Veale largely excelled in Pittsburgh’s minor league system. In 1959, he pitched a no-hitter for the Wilson Tobs of the low-level Carolina League. Three years later, he struck out 22 batters in a game for the Triple A Columbus Jets.

He pitched in 11 games for the Pirates in 1962, then spent all of the 1963 season in the majors as both a starter and a reliever. He finished with a 5-2 record and a 1.04 E.R.A.

In 11 years with Pittsburgh, Veale compiled a record of 116-91 and a 3.06 E.R.A. and was selected for two All-Star games. Pittsburgh sold Veale’s contract to the Boston Red Sox late in the 1972 season, and the Red Sox released him in 1974 after using him sparingly.

In retirement, Veale was a minor-league pitching instructor for the Atlanta Braves and the Yankees. He also retained his ties to Rickwood Field, where for a time he worked as a groundskeeper twice a week and helped Friends of Rickwood, the nonprofit organization that manages the ballpark, by “chit-chatting” about its history to anyone who would listen, said Gerald Watkins, the group’s executive director.

Veale was inducted into the Alabama Sports Hall of Fame in 2006.

In addition to Ms.
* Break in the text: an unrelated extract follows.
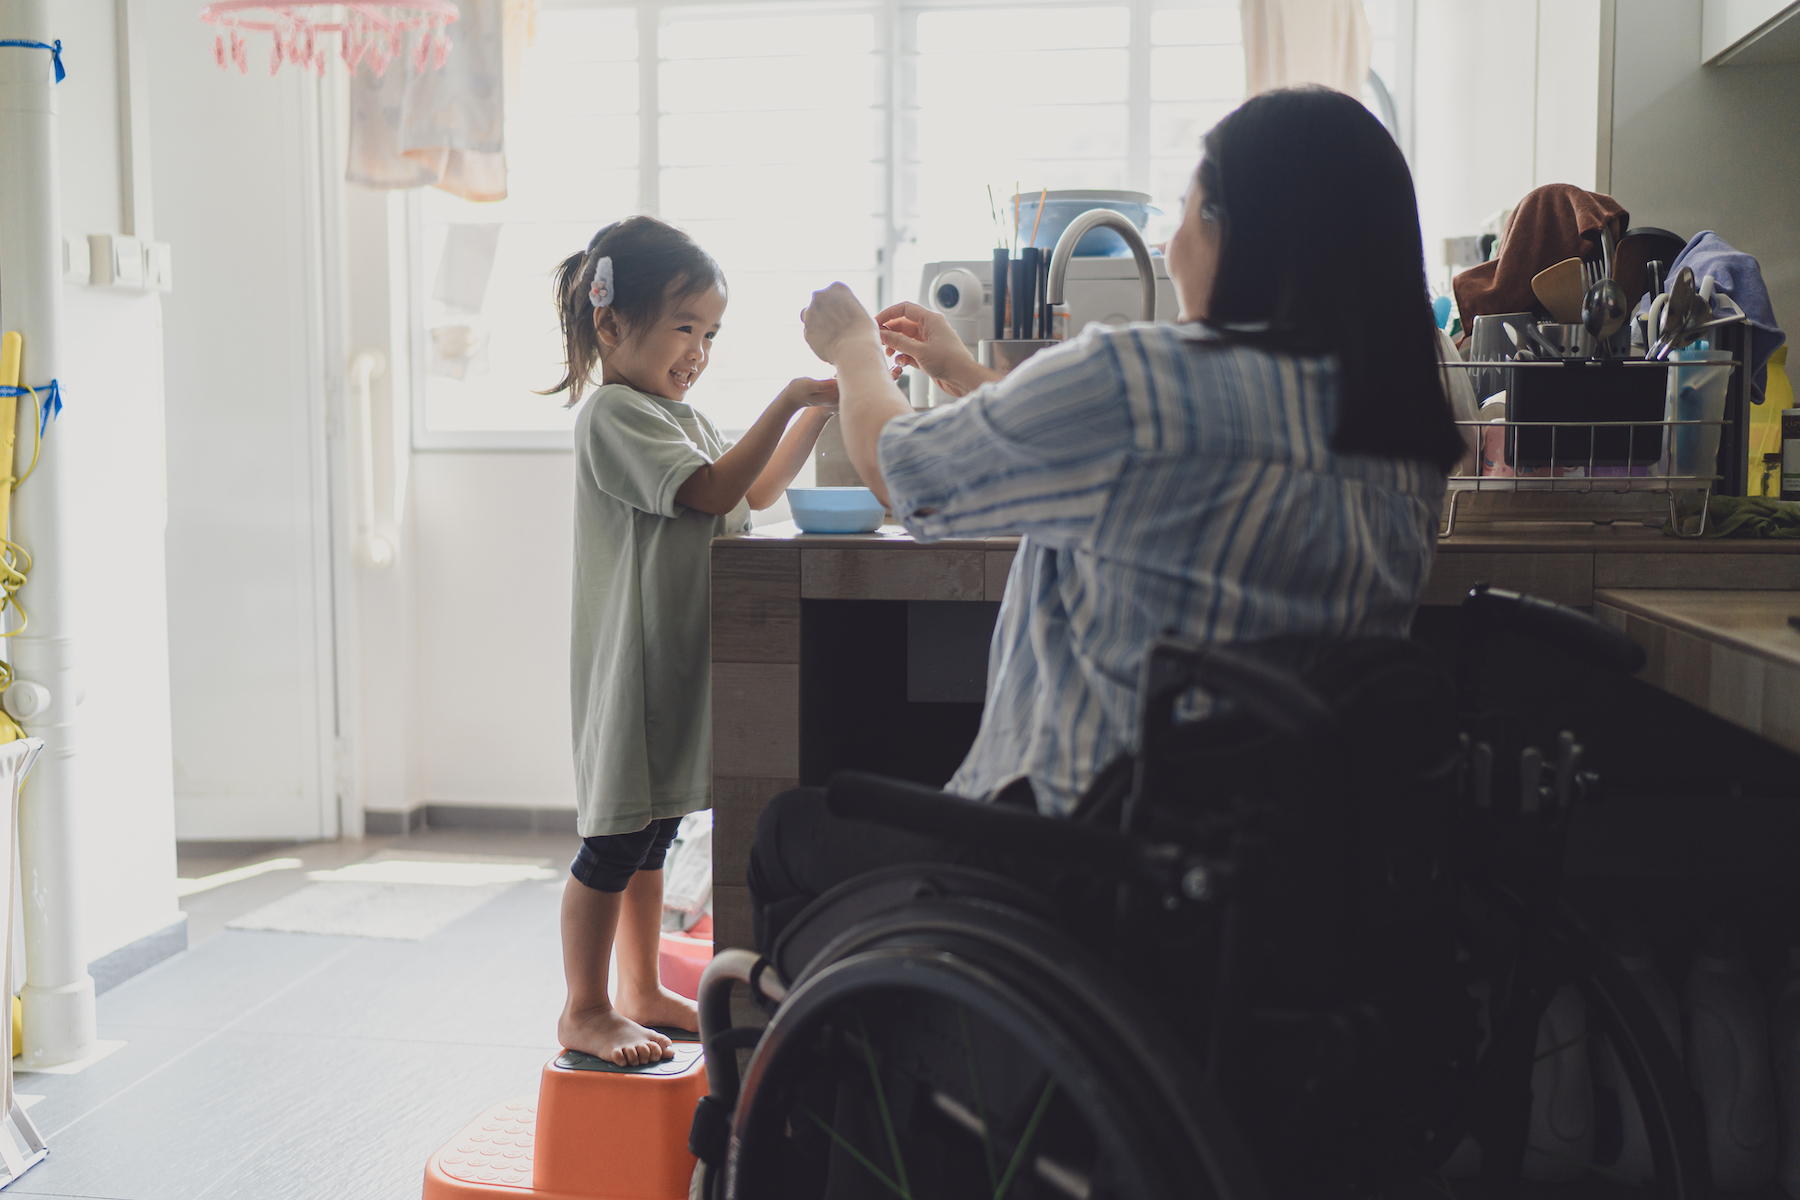 A mother in a wheelchair plays with her young daughter at the kitchen sink

Veale Johnson, he is survived by his wife, Eredean (Sanders) Veale; his stepdaughter, Felicia Sanders; four other sisters, Lillie Veale Wilson, Emily Veale Ford, Ouida Veale Belcher and Angela Veale Joubert; and two brothers, Russell W. Veale II and Jerry B. Veale.

If batters were wary of Veale’s control, or lack of it, they might have been comforted by the fact that he wore eyeglasses. But one night in May 1967, when the Pirates were playing the Cardinals at Forbes Field in Pittsburgh, a new pair was giving him trouble — the right lens kept popping out.

In the third inning, he removed the glasses and was preparing to proceed without them. But Lou Brock, the Cardinals’ left fielder, refused to step into the batter’s box, even after being ordered to by the umpire Doug Harvey. Brock relented after the Pirates’ pitching coach, Clyde King, brought out an old pair of Veale’s glasses.

“I can’t blame him,” Veale said about Brock afterward. “As a rule, I see six people when I’m not wearing them.”